D. CHRONIC RENAL FAILURE

  1. The effect of intravenous reduced glutathione (1200 milligrams (mg)) at the end of each HEMODIALYSIS session was evaluated in a placebo-controlled study in 20 chronic RENAL FAILURE patients. During the 120 days of therapy, there was an increase in levels of red blood cells, reduced glutathione, hematocrit, and hemoglobin, with a concomitant decrease in plasma oxidized glutathione and reticulocytes. No changes in these parameters was reported in the placebo group. The maximum effect was observed after 120 day of therapy (Costagliola et al, 1992).
  2. Similar results were observed in an open study in which 28 hemodialysis patients were treated with reduced glutathione (1200 mg intravenously at the end of each hemodialysis session for at least nine months) to improve anemia. After the first three months of therapy the levels of red blood cells, hemoglobin, hematocrit, and reticulocytes improved significantly in 17 (60%) patients (Usberti et al, 1997).

E. HIV INFECTION

In an open study, 14 HIV seropositive subjects were treated with aerosolized reduced glutathione (600 milligrams (mg) twice daily) to assess the possibility of increasing glutathione levels in the epithelial lining fluid (ELF). After three days of treatment glutathione ELF increased and persisted in the normal range for at least three hours (Holroyd et al, 1993).
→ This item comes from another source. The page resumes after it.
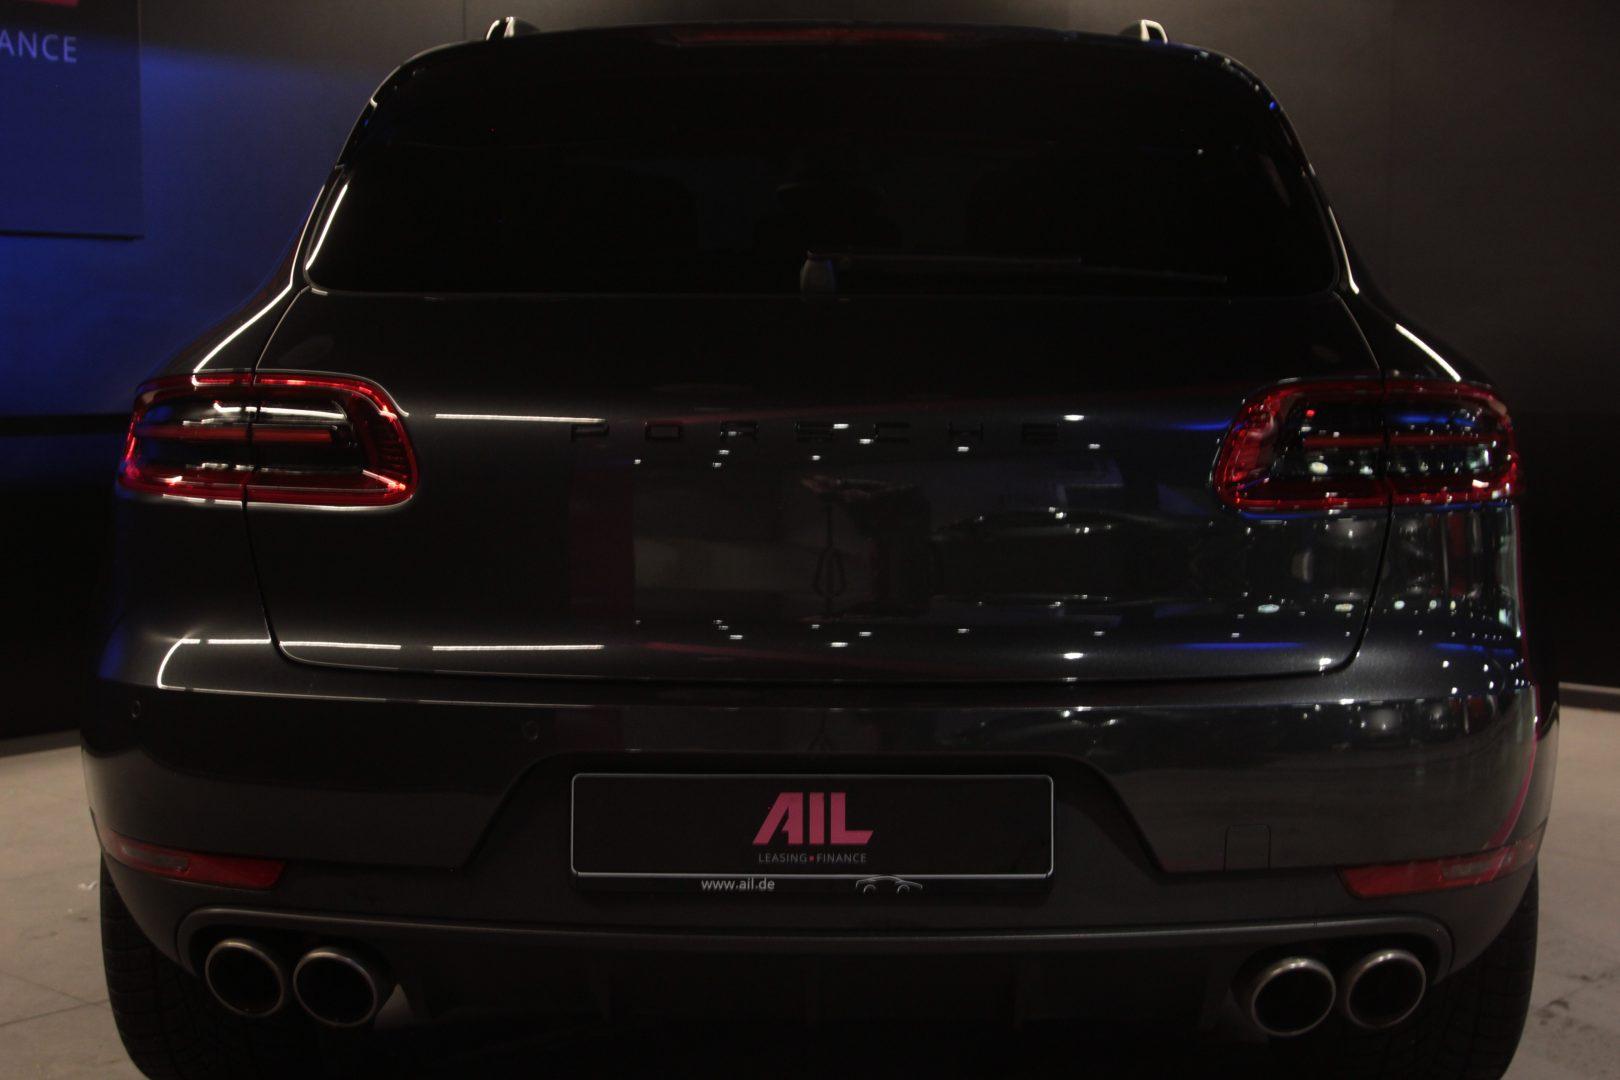 AIL Porsche Macan S Diesel 14

F. IDIOPATHIC PULMONARY FIBROSIS

Aerosolized glutathione (600 milligrams (mg) twice daily for three days) was reported to reverse oxidant-antioxidant imbalance in 10 patients with idiopathic PULMONARY FIBROSIS. Total epithelial lining fluid (ELF) glutathione rose transiently, but not significantly; ELF oxidized glutathione increased significantly, and there was a decrease in spontaneous superoxide anion release by alveolar macrophages (Borok et al, 1991).

G. ISCHEMIC HEART DISEASE

The effect of intracoronary infusion of reduced glutathione (50 milligrams/minute (mg/min) at a rate of 2 milliliters (mL)/min for 6 minutes) was evaluated in 26 consecutive subjects undergoing cardiac catheterization for atypical chest pain. Glutathione did not significantly change epicardial coronary diameters or blood flow, but suppressed the constrictor response of epicardial diameter to acetylcholine (ACh) intracoronary infusion, increased blood flow in response to ACh, and potentiated the coronary dilator effect of nitroglycerin. Saline infusion did not shown any effect (Kugiyama et al, 1998)..

H. MALE INFERTILITY

In a placebo-controlled, double-blind, crossover trial of 20 infertile patients with dyspermia associated with unilateral varicocele or genital tract inflammation, intramuscular glutathione (600 milligrams (mg) daily) showed a statistically significant positive effect on sperm motility, particularly forward motility and kinetic parameters, and on sperm morphology (Lenzi et al, 1993).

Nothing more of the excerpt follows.